PROBLEM TO WORK ON ▸
Print every line below exactly. Skip the pictures.

DATA SECTION ▸
──────

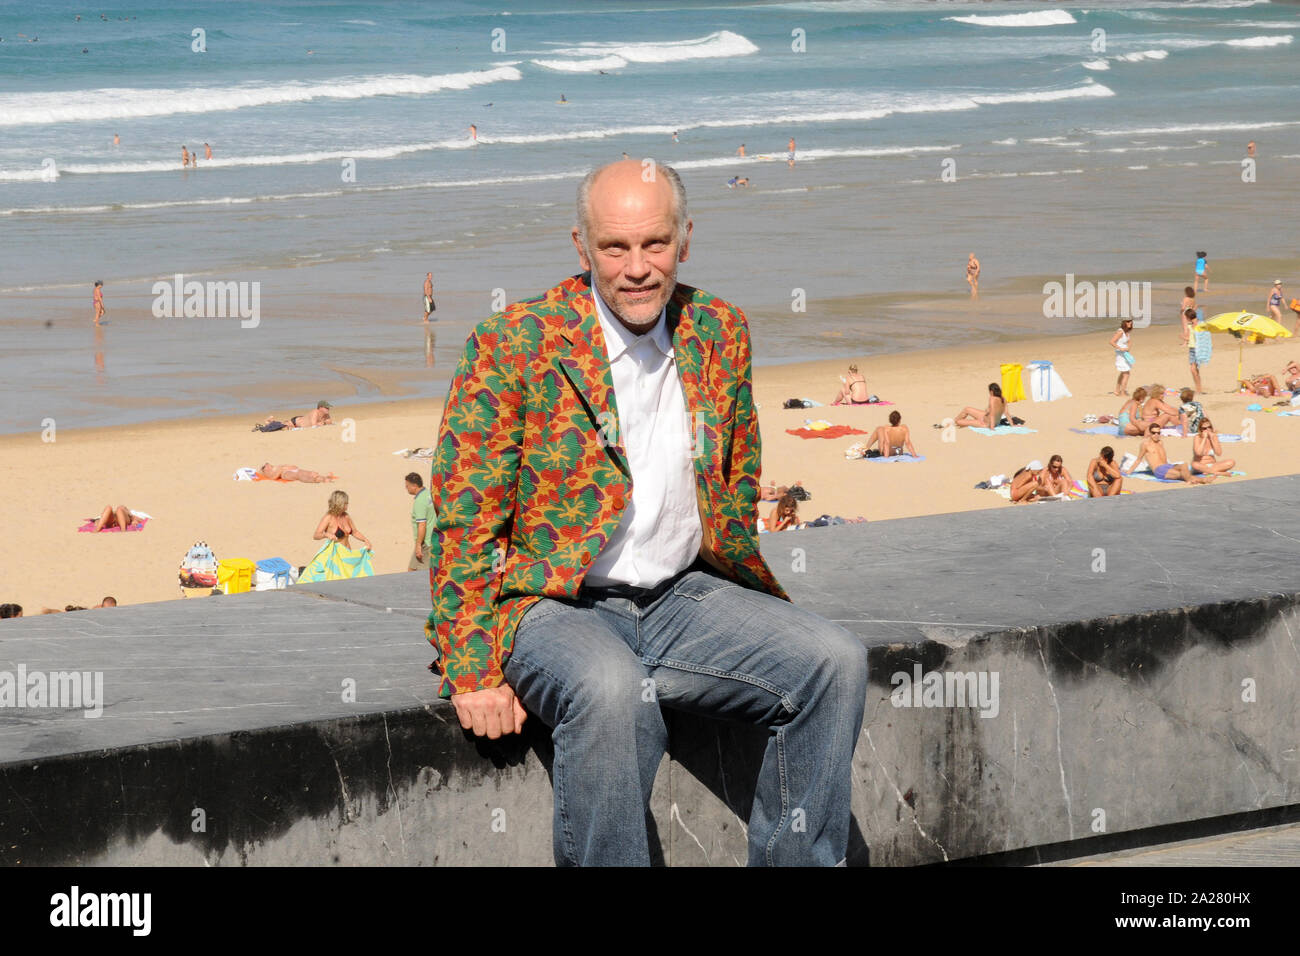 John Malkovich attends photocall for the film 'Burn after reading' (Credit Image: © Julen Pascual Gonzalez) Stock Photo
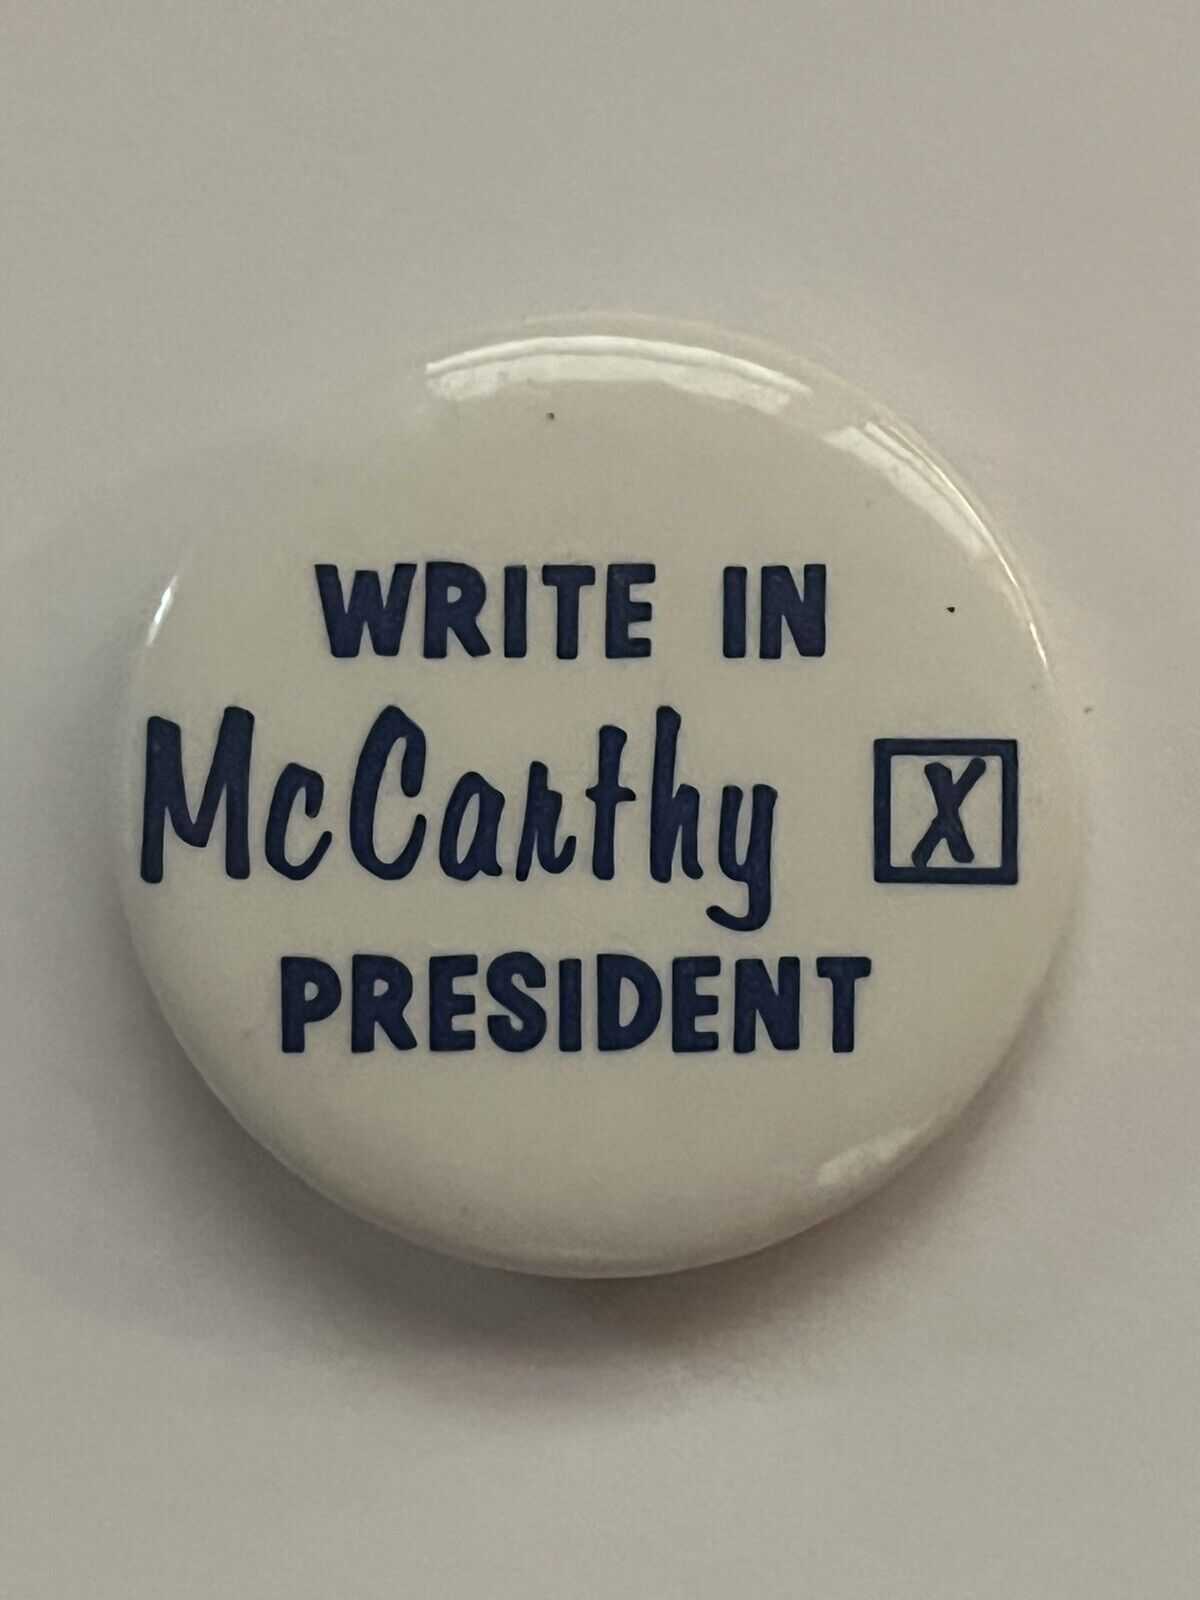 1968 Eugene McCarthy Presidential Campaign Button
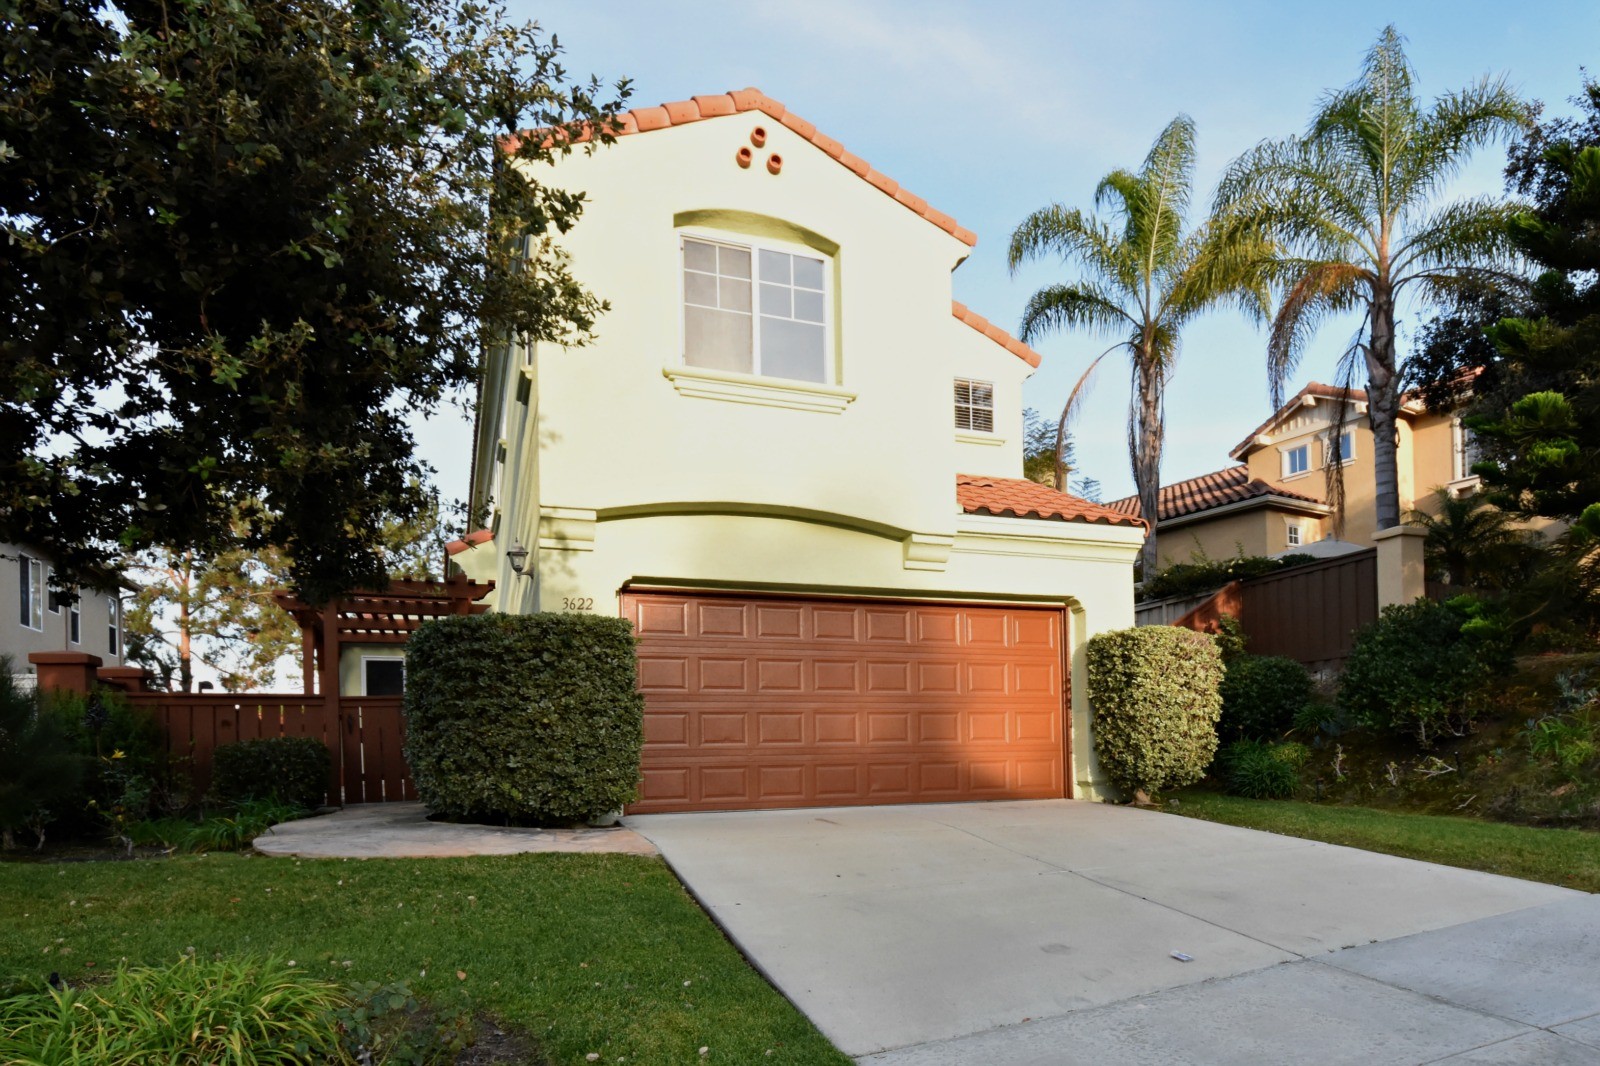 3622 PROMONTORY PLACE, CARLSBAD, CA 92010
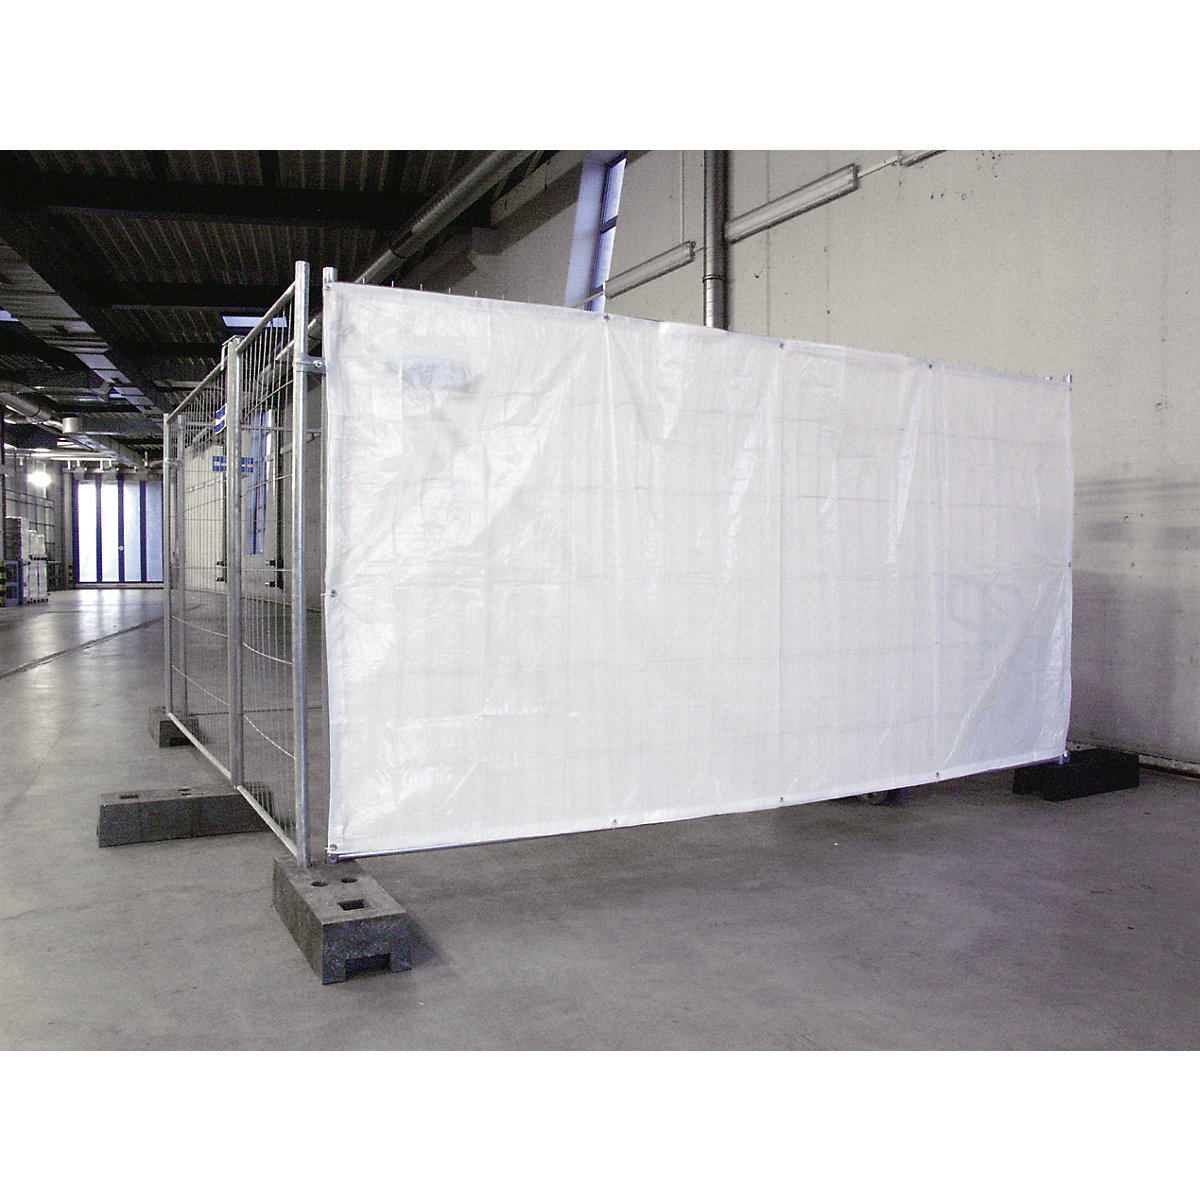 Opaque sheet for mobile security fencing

──────

ANSWER FOR THIS EXERCISE ▸
 John Malkovich attends photocall for the film 'Burn after reading' (Credit Image: © Julen Pascual Gonzalez) Stock Photo
 1968 Eugene McCarthy Presidential Campaign Button
 3622 PROMONTORY PLACE, CARLSBAD, CA 92010
 Opaque sheet for mobile security fencing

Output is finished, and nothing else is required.